Look below for the line holding "Couronne islandaise, monnaie, pièces" and the line holding "Технический фен BORT". Repeat those two and everything between, exactly.

- _Provided information_
++++++++

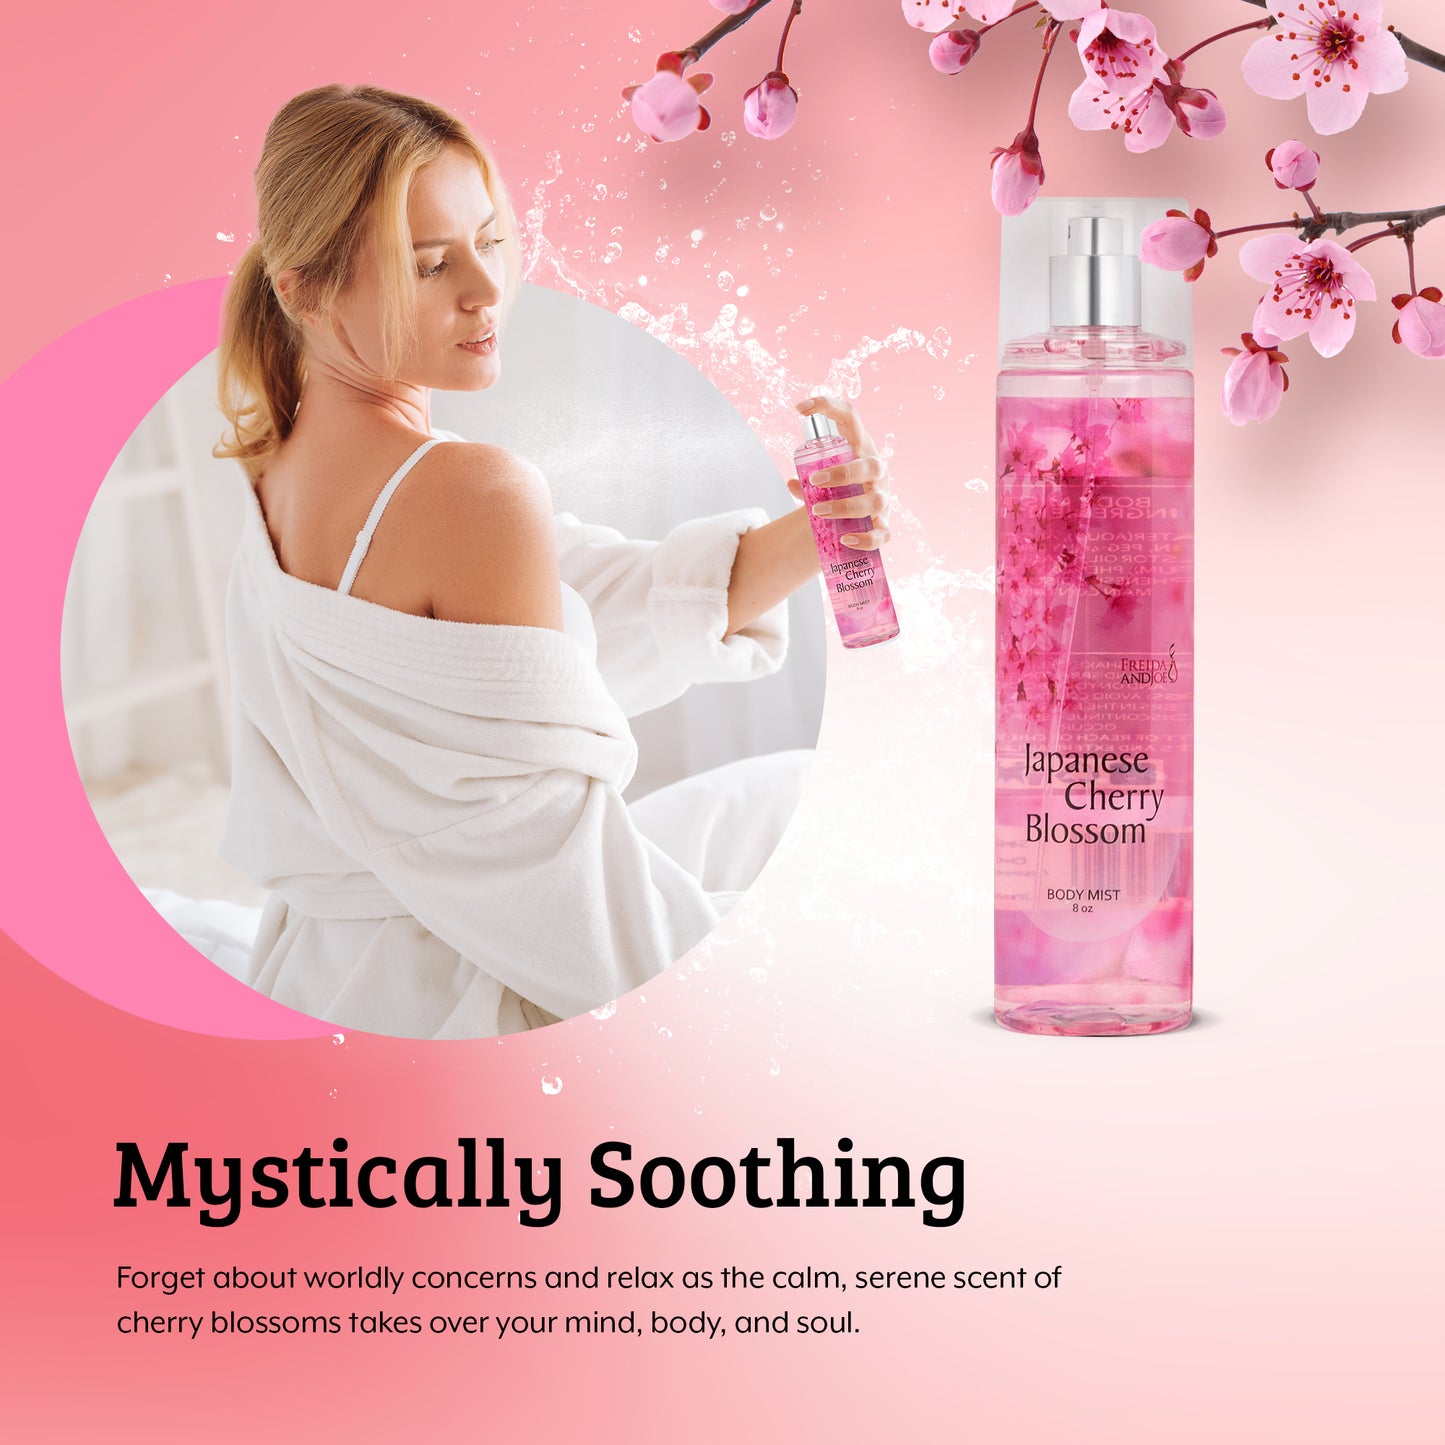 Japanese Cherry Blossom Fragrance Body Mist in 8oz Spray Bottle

++++++++

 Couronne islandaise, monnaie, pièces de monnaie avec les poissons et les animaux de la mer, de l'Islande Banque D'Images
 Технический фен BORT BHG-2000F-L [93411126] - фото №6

++++++++

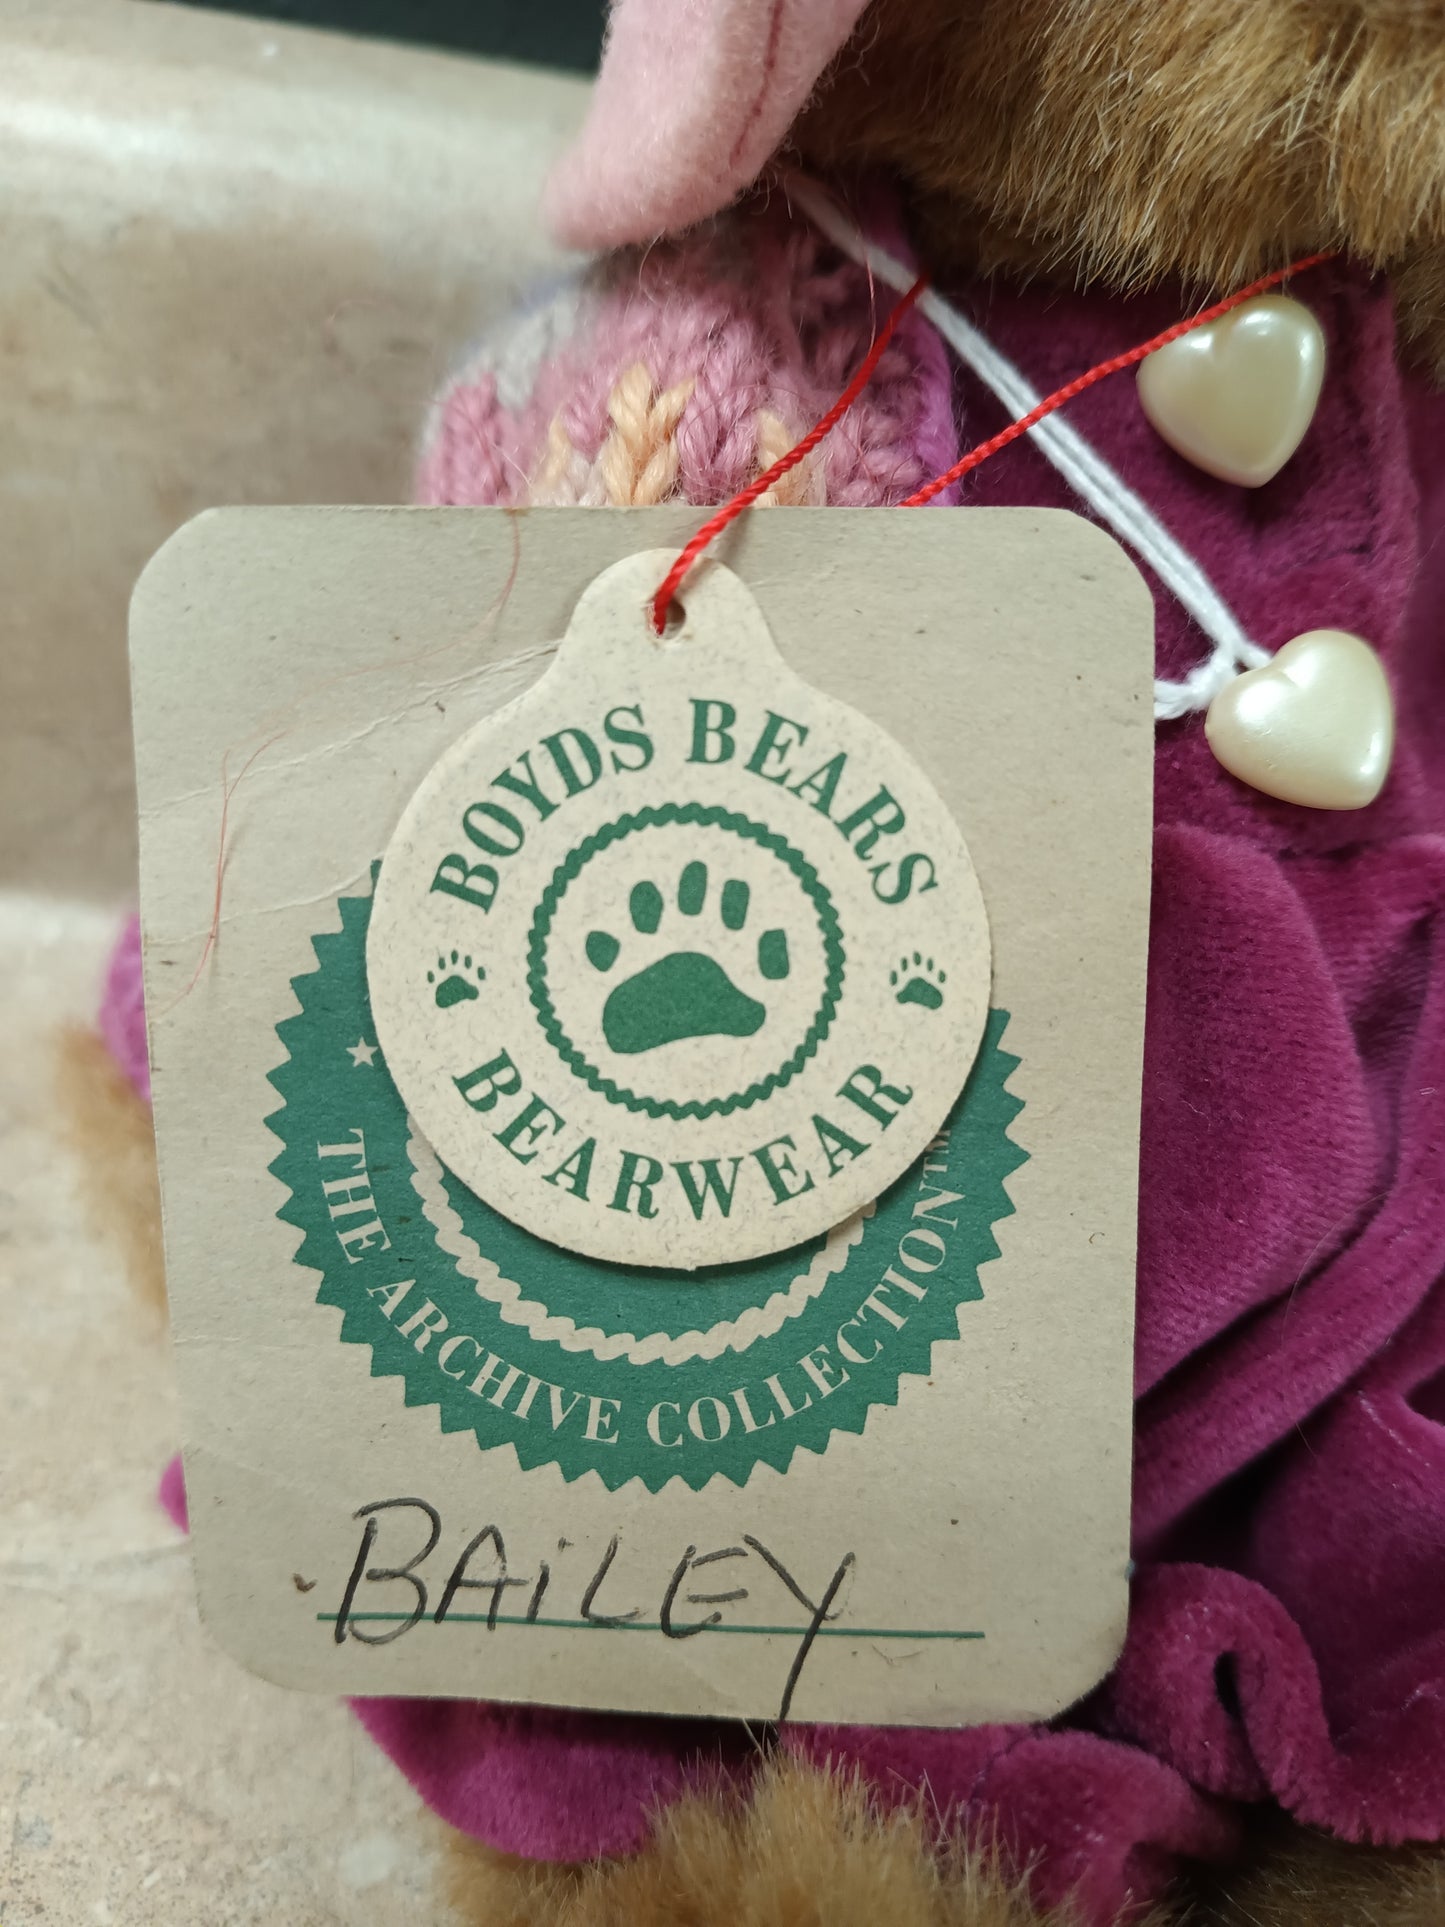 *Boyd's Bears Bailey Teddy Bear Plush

++++++++

- _Result of the exercise_
 Couronne islandaise, monnaie, pièces de monnaie avec les poissons et les animaux de la mer, de l'Islande Banque D'Images
 Технический фен BORT BHG-2000F-L [93411126] - фото №6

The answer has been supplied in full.